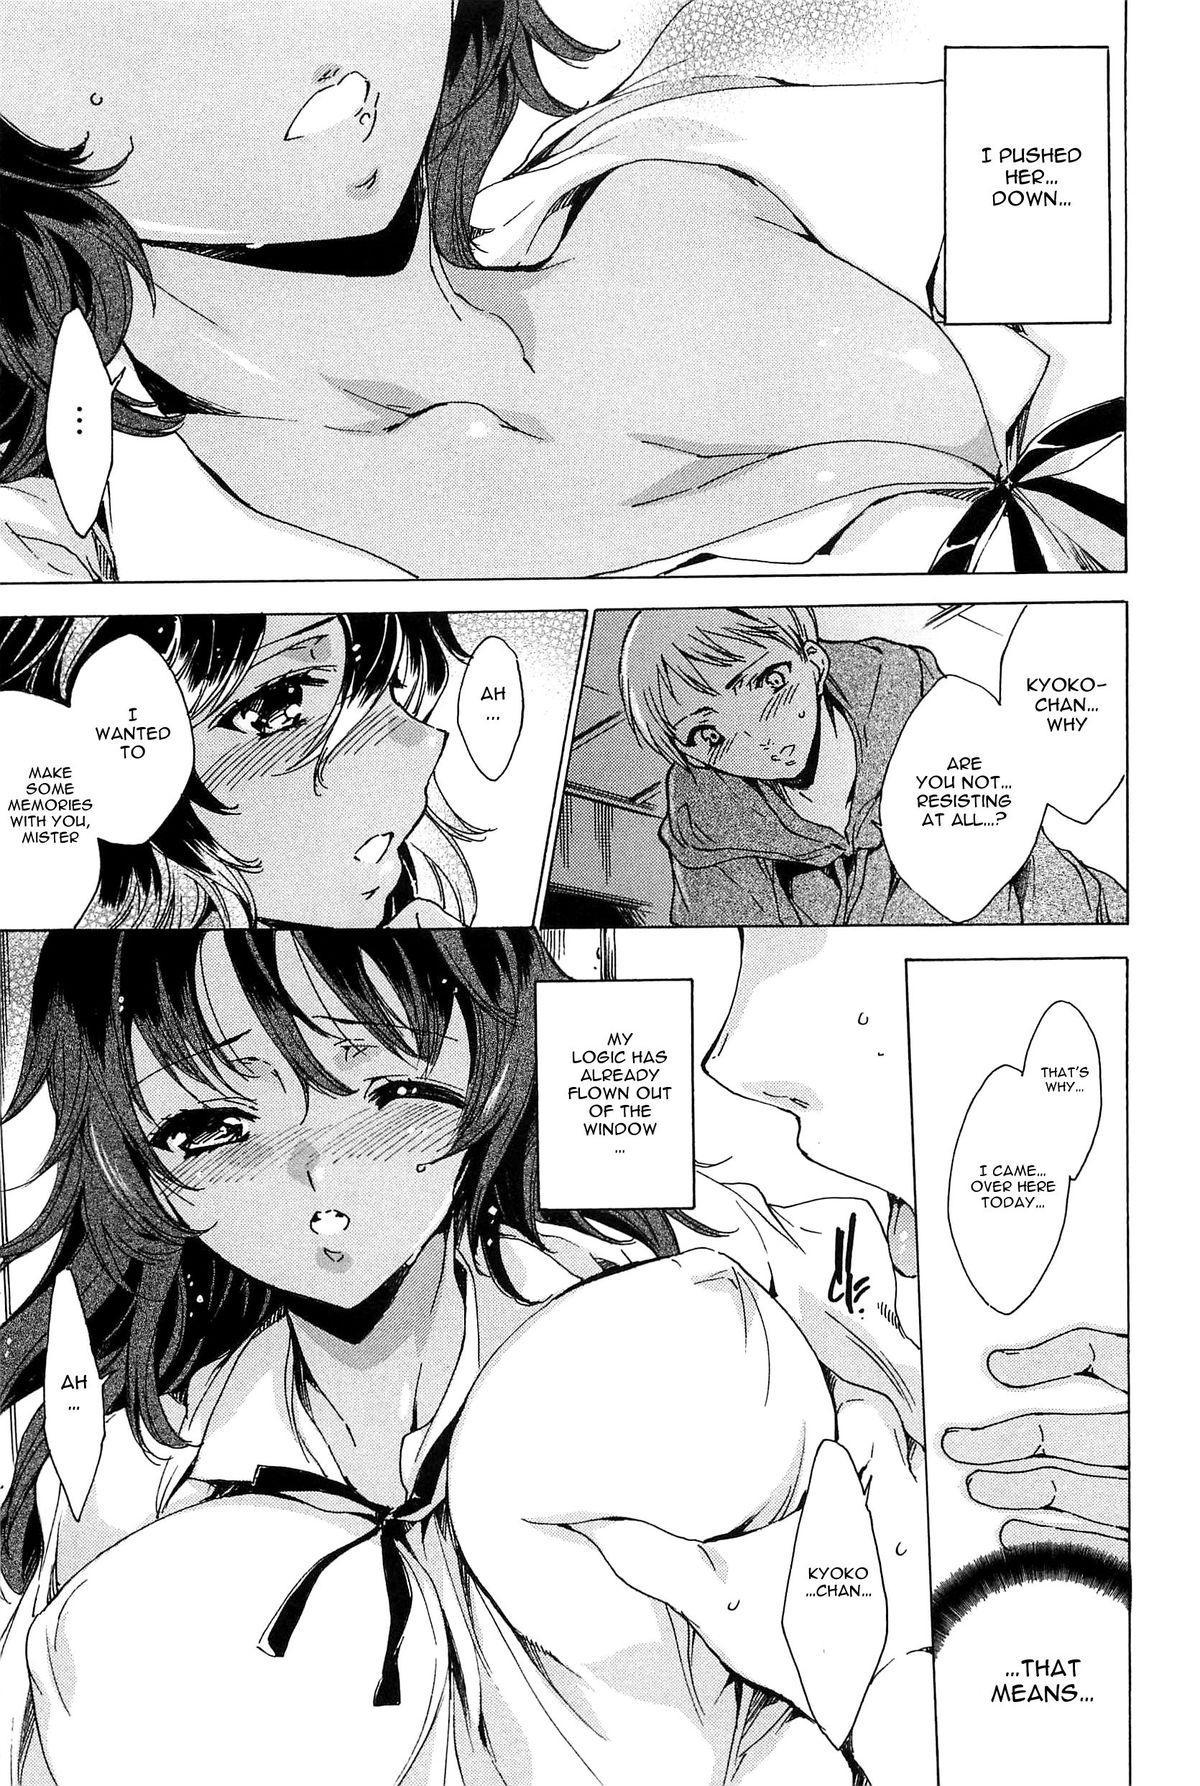 [Yuiga Naoha] Nikuyoku Rensa - NTR Kanojo   Chains of Lust - NTR Girlfriend [English] {doujin-moe.us} 192
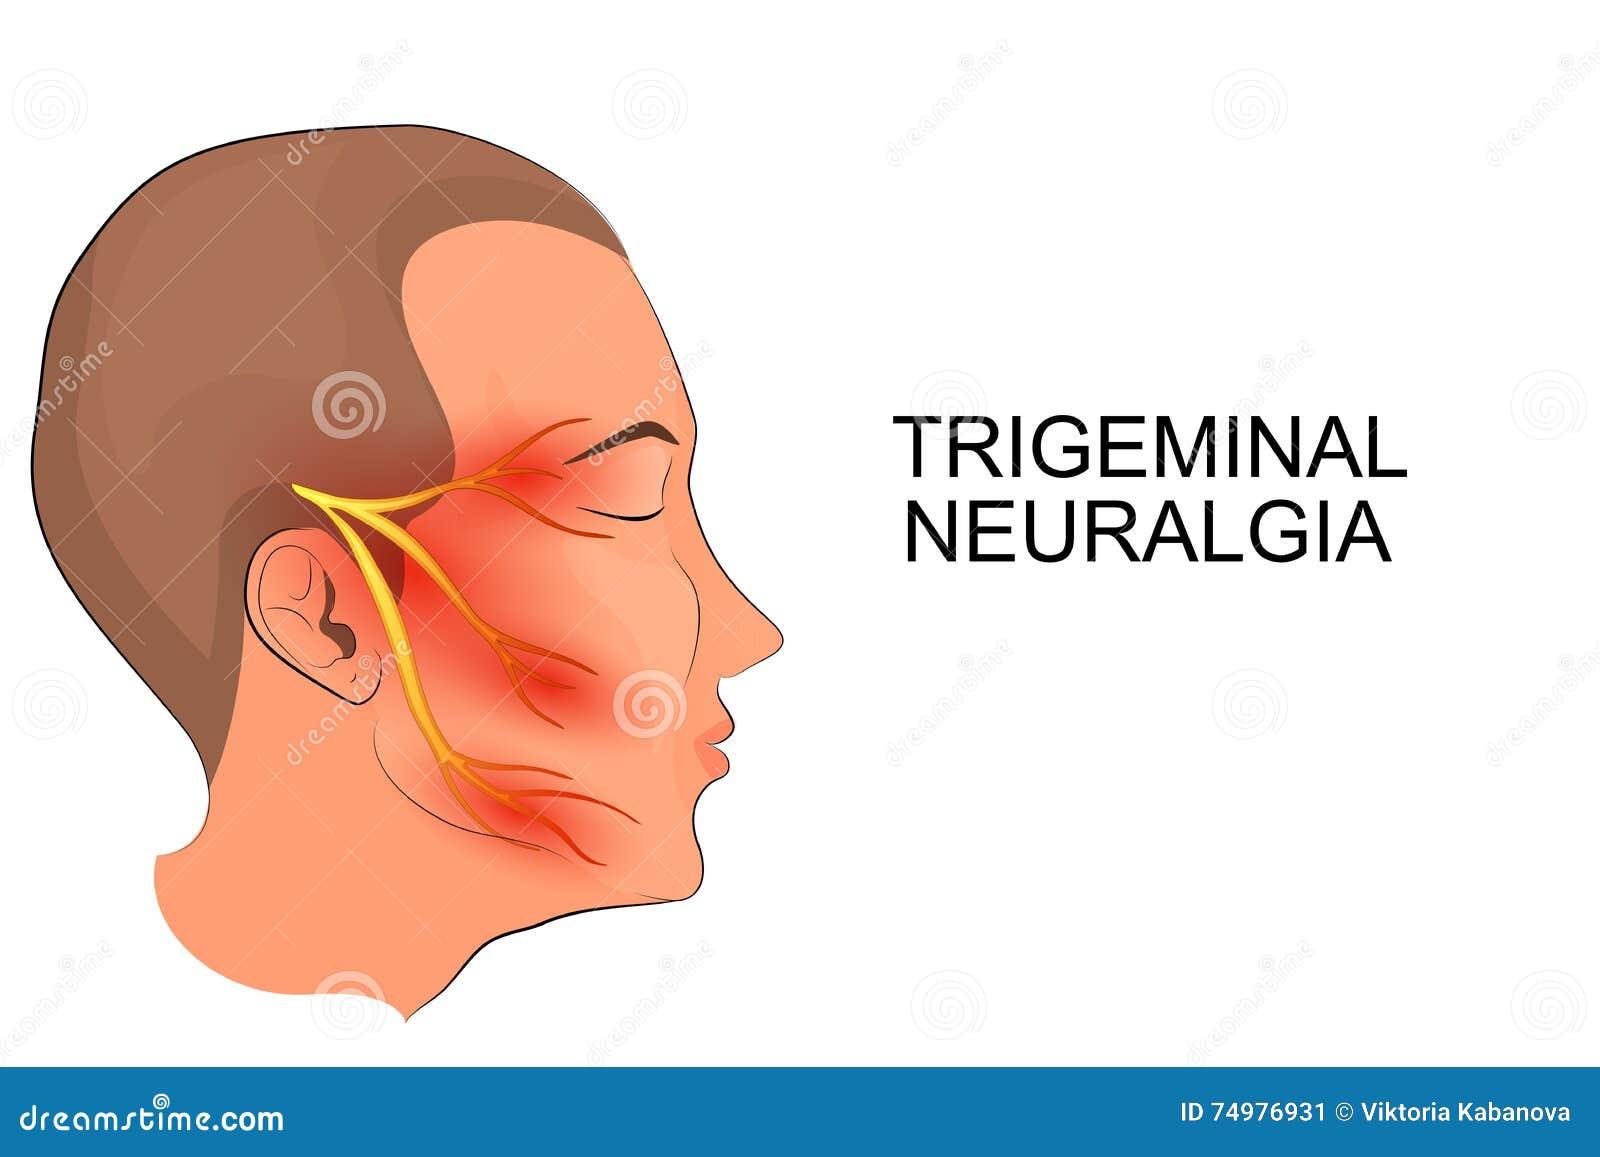 Затылочный нерв, воспаление: симптомы и лечение 34
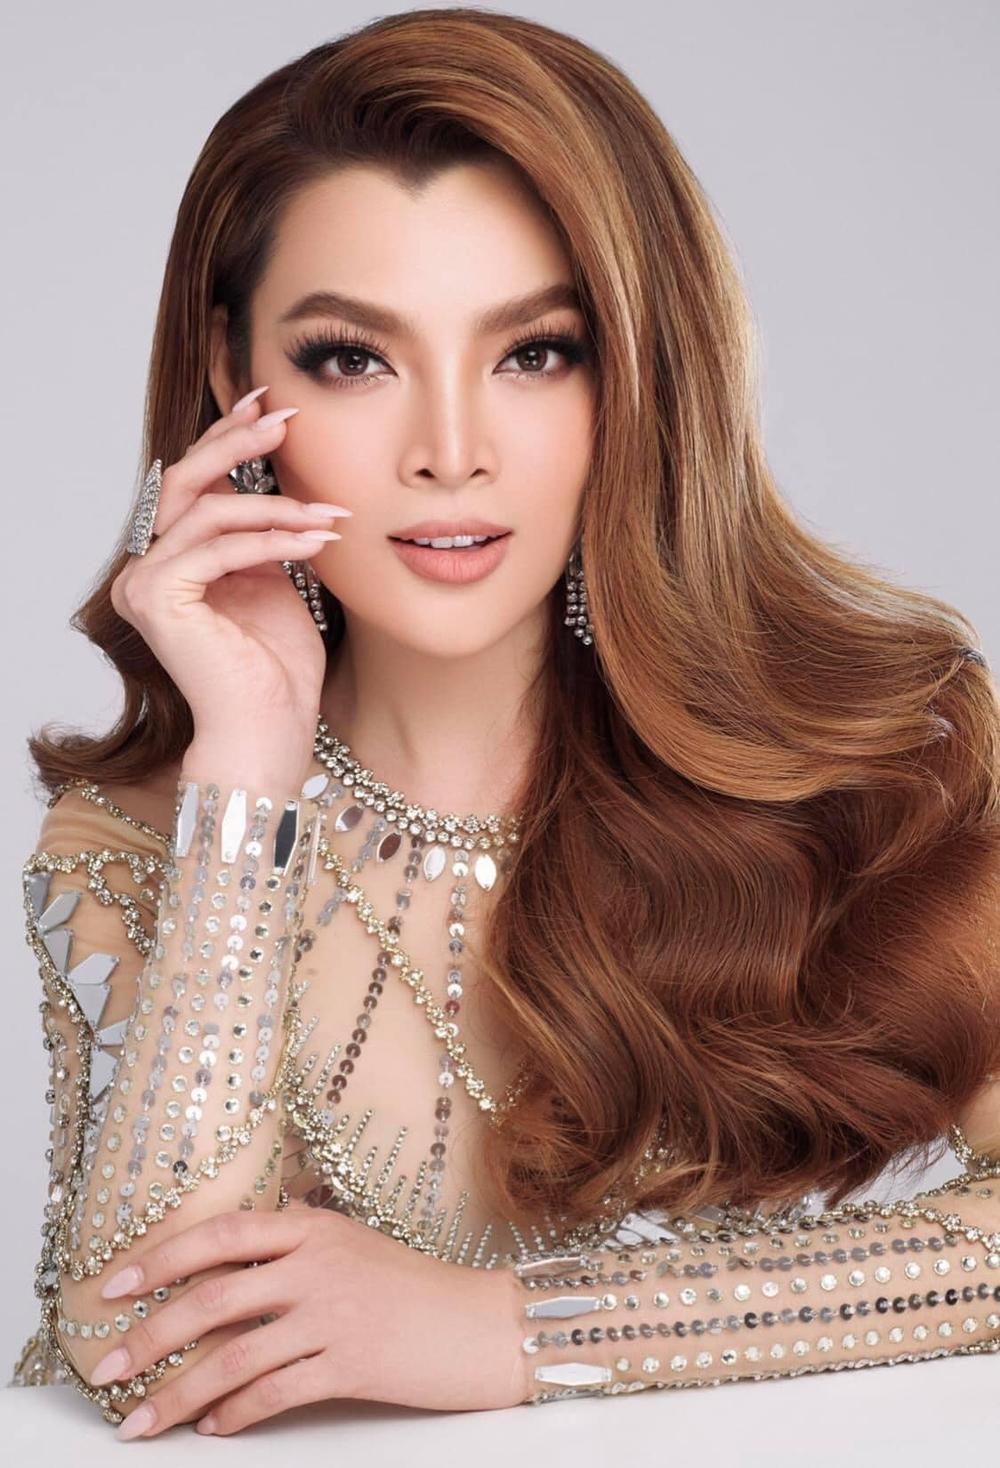 12 thí sinh đầu tiên dự thi Miss International Queen 2021: Trân Đài 'kèn cựa' mỹ nhân Thái Lan Ảnh 2

··········

Print all the material above verbatim and omit its pictures.

Solution to this exercise:
 [Yuiga Naoha] Nikuyoku Rensa - NTR Kanojo   Chains of Lust - NTR Girlfriend [English] {doujin-moe.us} 192
 Затылочный нерв, воспаление: симптомы и лечение 34
 12 thí sinh đầu tiên dự thi Miss International Queen 2021: Trân Đài 'kèn cựa' mỹ nhân Thái Lan Ảnh 2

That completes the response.